Ralph swirled the wine around in his glass very fast, keeping the glass on the table, then lifted it to his mouth and inhaled before he tasted it. “It tastes excellent,” he said, puzzled. “Spot-on, in fact.”

“Oh,” she said. She took another sip, determined to choke it down and not look like a schnook. “He missed the point of her,” she said, “because he didn’t really know her. He didn’t take the trouble to know her. Not out of racism, but because to him, it must have been like when he painted me, and why I didn’t let him paint me after a couple of times. The way he looked at you while he was painting you…”

Ralph compressed his lips uncomfortably, glanced down at the napkin in his lap, then looked up at Abigail again. “How was that?” he asked patiently.

“As if he were using you for his own ends,” Abigail replied shortly, having strongly sensed Ralph’s distaste for this topic. She sighed and tried another sip of wine. It tasted exactly as horrible as it had on her first sip. Well, the food would arrive soon, and then she could busy herself with a good lunch.

“But he was famous for not doing that,” said Ralph.

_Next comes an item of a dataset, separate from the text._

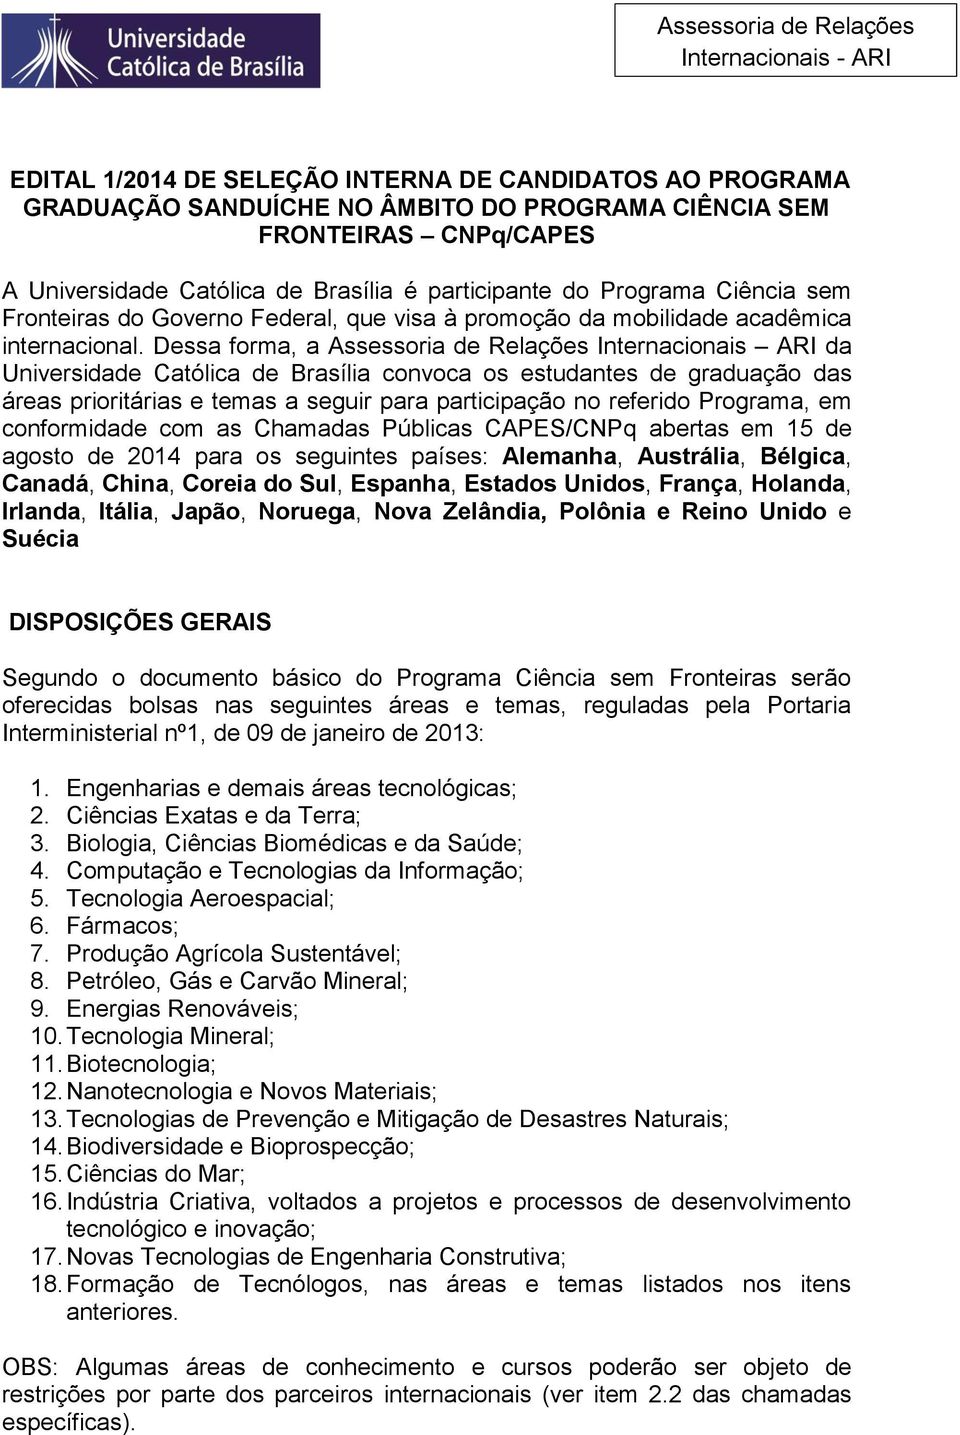 Dessa forma, a Assessoria de Relações Internacionais ARI da Universidade Católica de Brasília convoca os estudantes de graduação das áreas prioritárias e temas a seguir para participação no referido

“Well, of course,” said Abigail, immediately regretting having said anything negative about Oscar, the way they’d all agreed they wouldn’t. It was funny, the way she felt so loyal and loving toward him in her heart but came out with critical-sounding things when the biographers started asking about him. “That’s right. I don’t know why I felt that way. Maybe it was all in my head. And also, he was my husband. It was probably very different to model for him if you didn’t know him that well. Are you a painter?”

“No,” said Ralph, “not at all. Just a writer and an appreciator.”

“You have a degree in art history, I think you said?”

“A master’s,” he said modestly, “from Columbia, and I’m thinking of going back for my Ph.D. I’d like to be a college professor, ultimately.”